*** INFORMATION SUPPLIED Section Begins ***

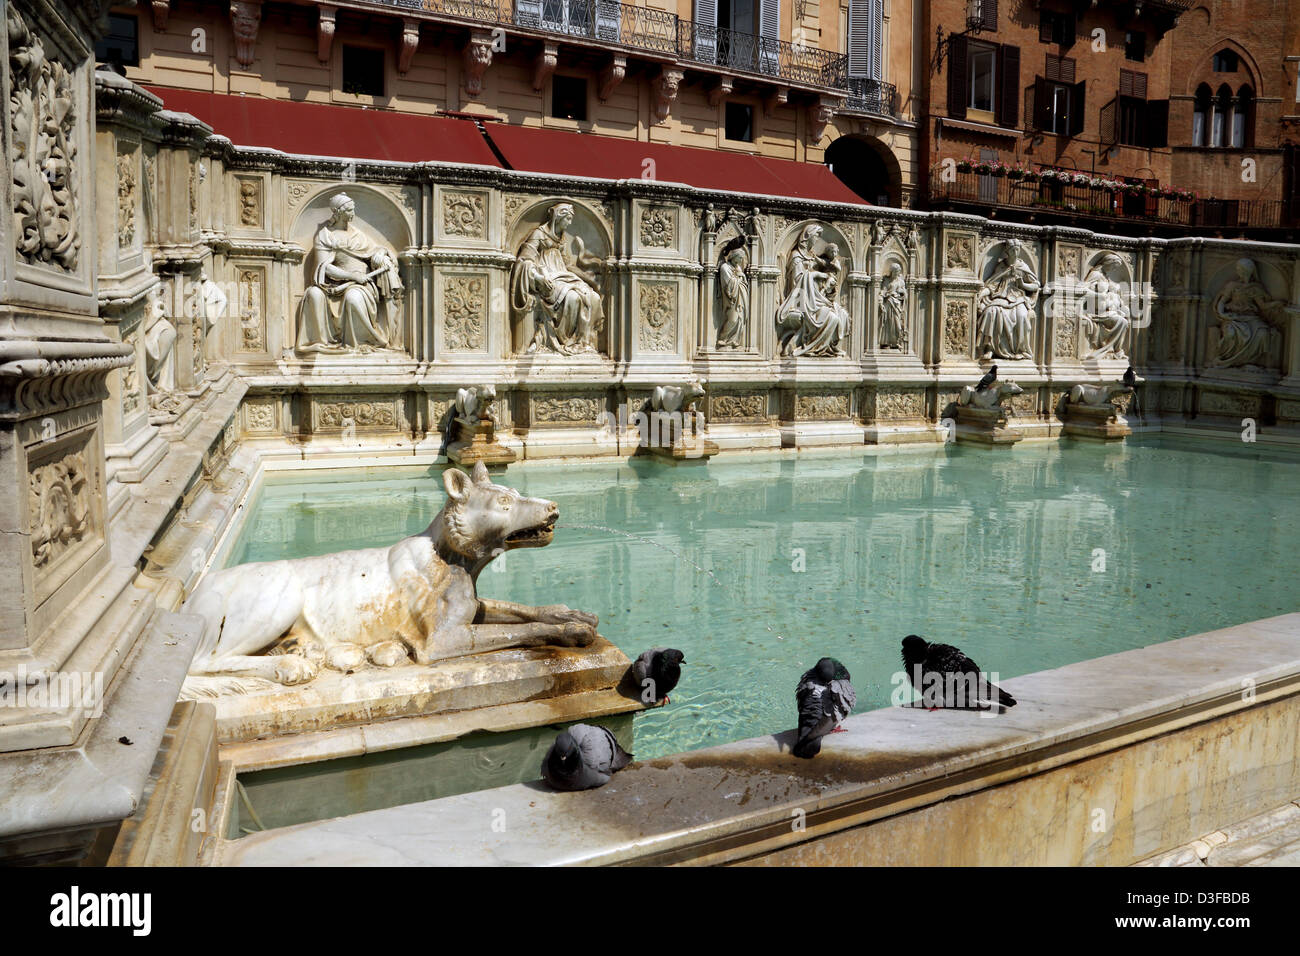 The Fonte Gaia (Happy Fountain) in Piazza del Campo in Siena Italy Stock Photo
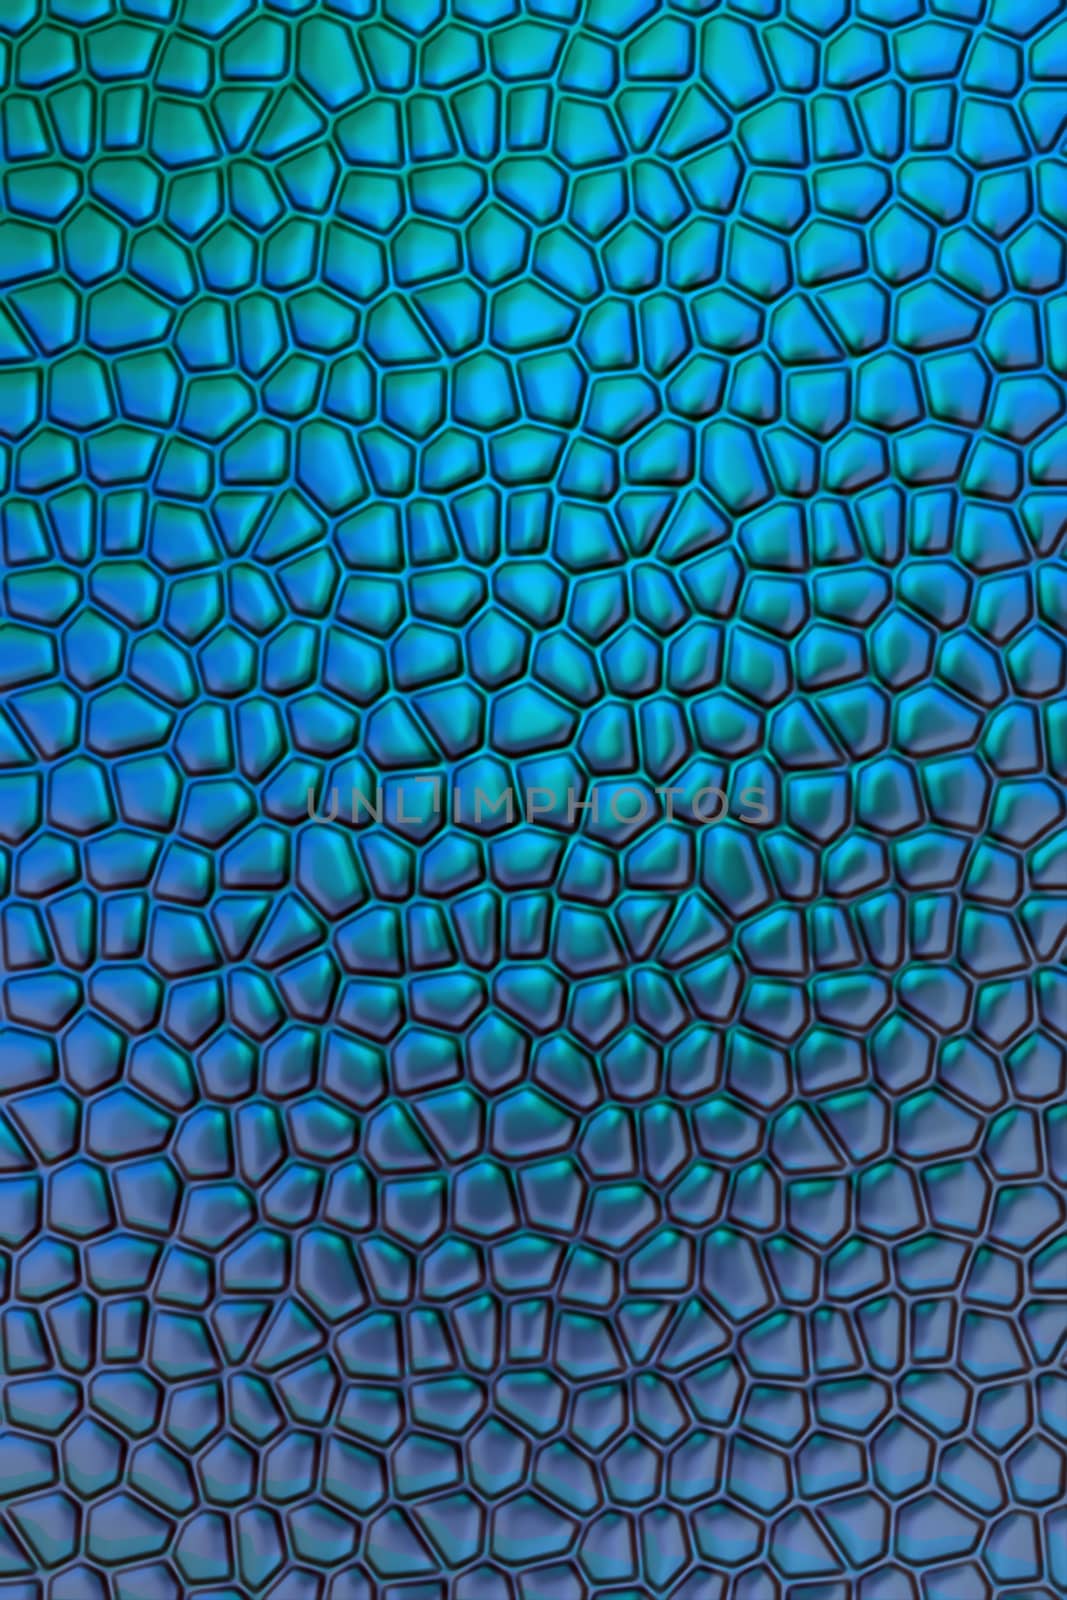 Convex mosaic by Krakatuk
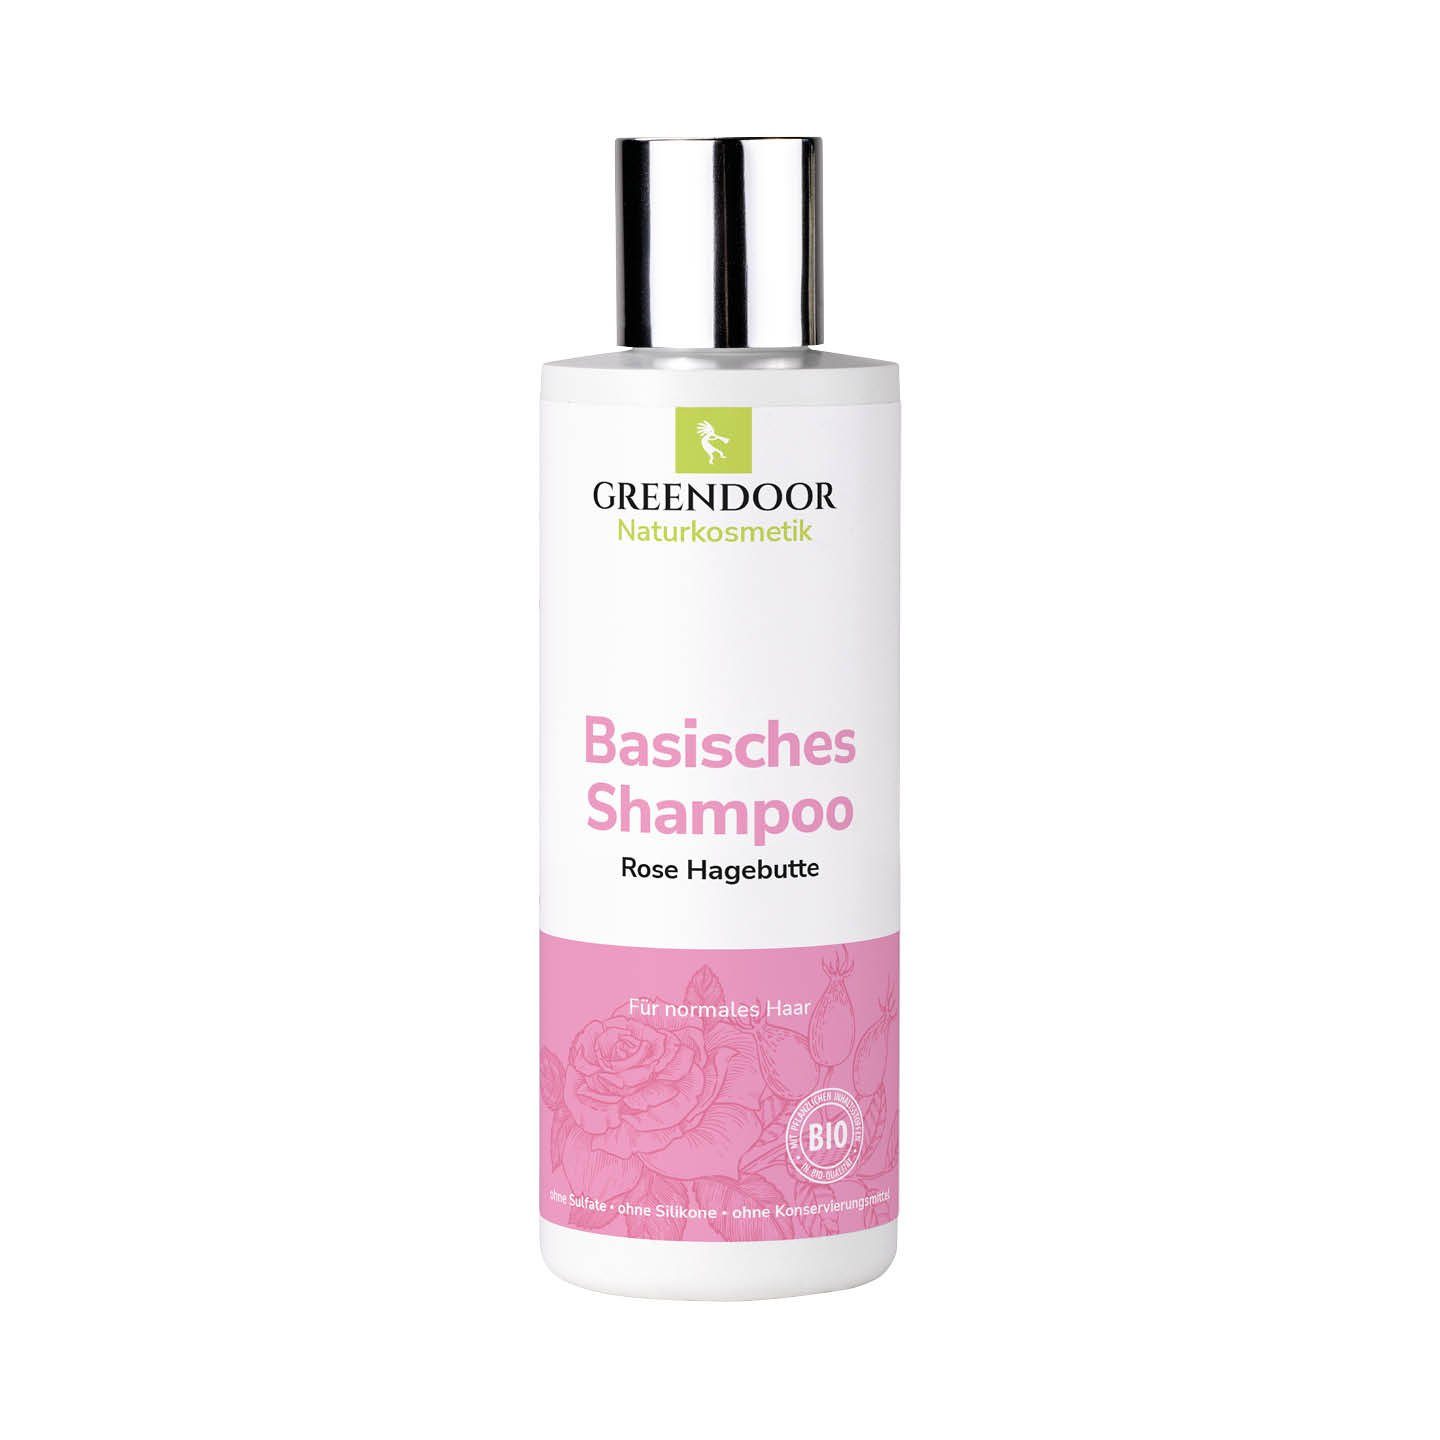 GREENDOOR Duschgel Basisches Shampoo Rose Hagebutte | Duschgele
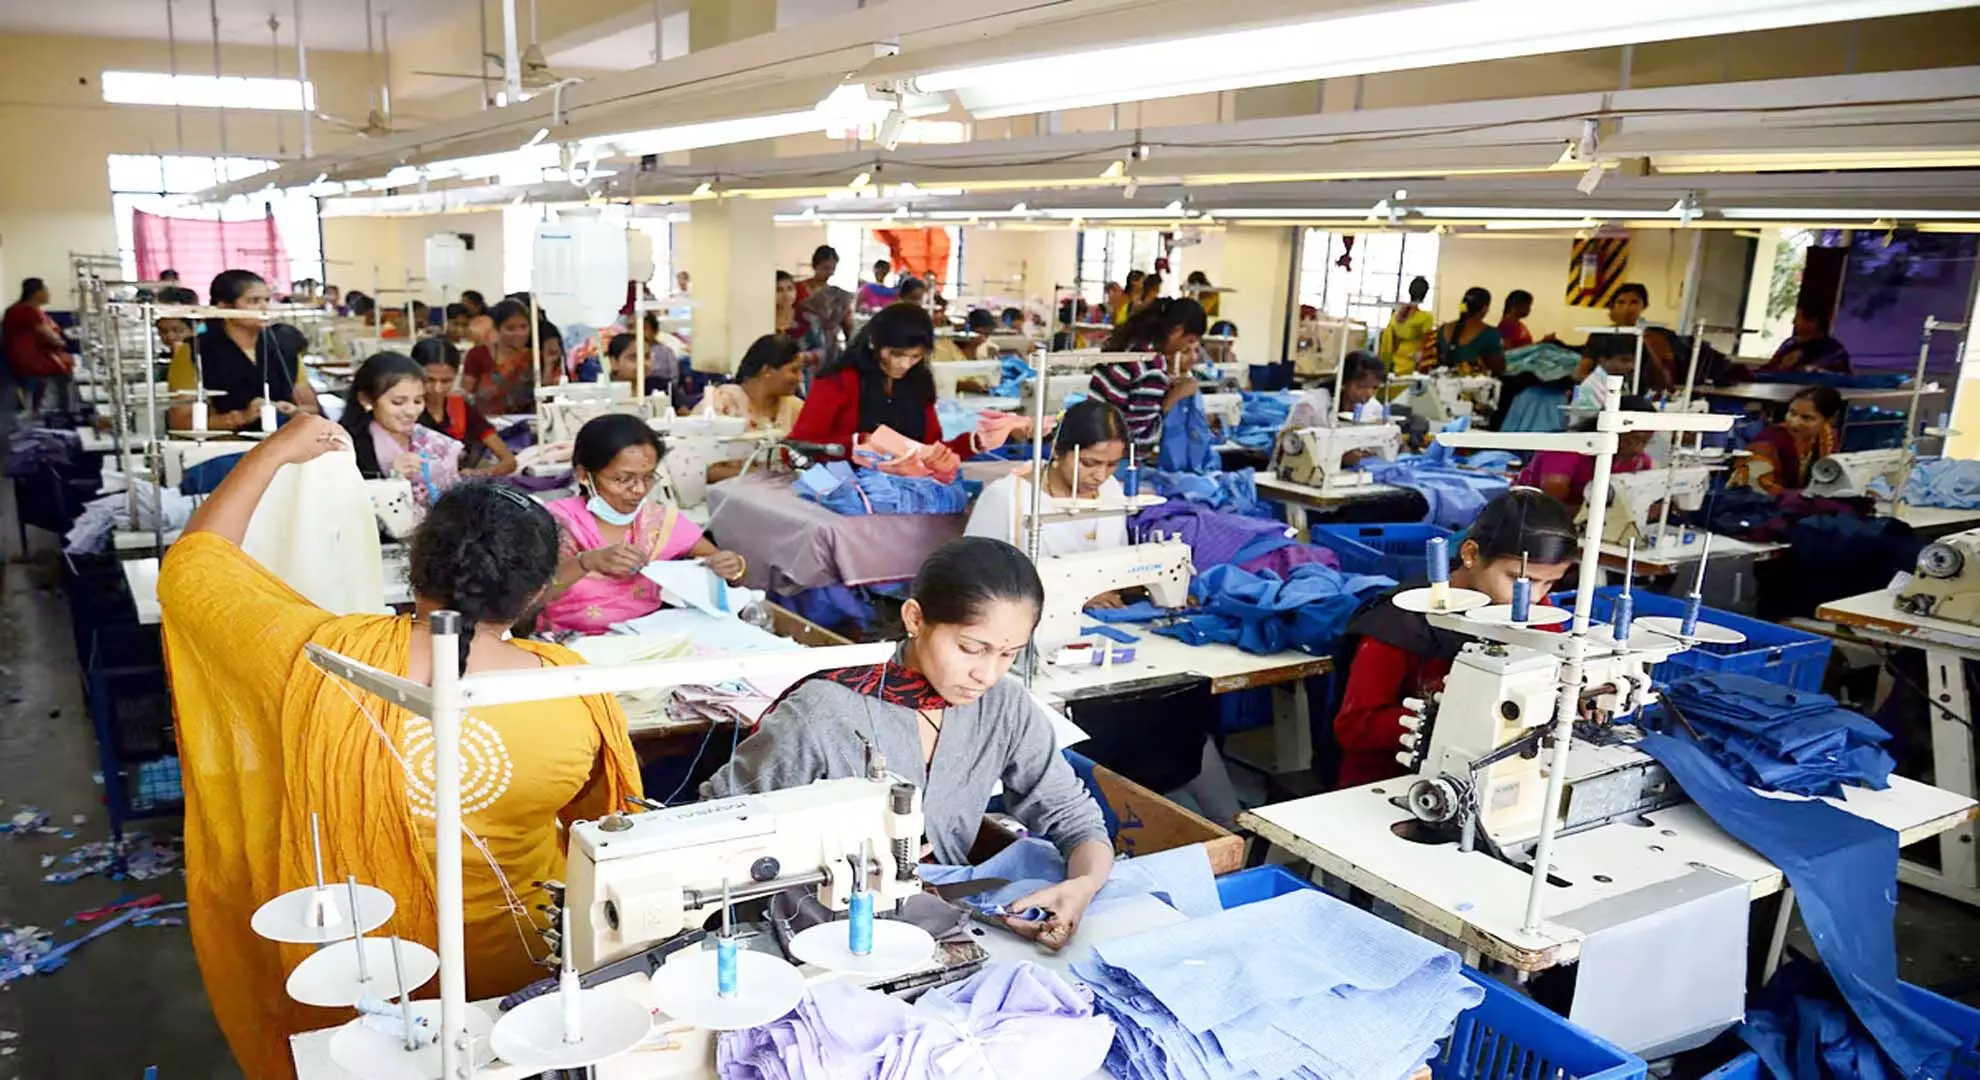 तिरुपुर के कपड़ा उद्योग में मध्यस्थों पर निर्भर प्रवासी श्रमिक

*** INFORMATION SUPPLIED Section Ends ***

**TASK ITEM**
Starting at the line with "GREENDOOR Duschgel Basisches", output each line through the final one of the listing above, and nothing else. Pictures are to be left out.

**EXERCISE ANSWER**
 GREENDOOR Duschgel Basisches Shampoo Rose Hagebutte | Duschgele
 तिरुपुर के कपड़ा उद्योग में मध्यस्थों पर निर्भर प्रवासी श्रमिक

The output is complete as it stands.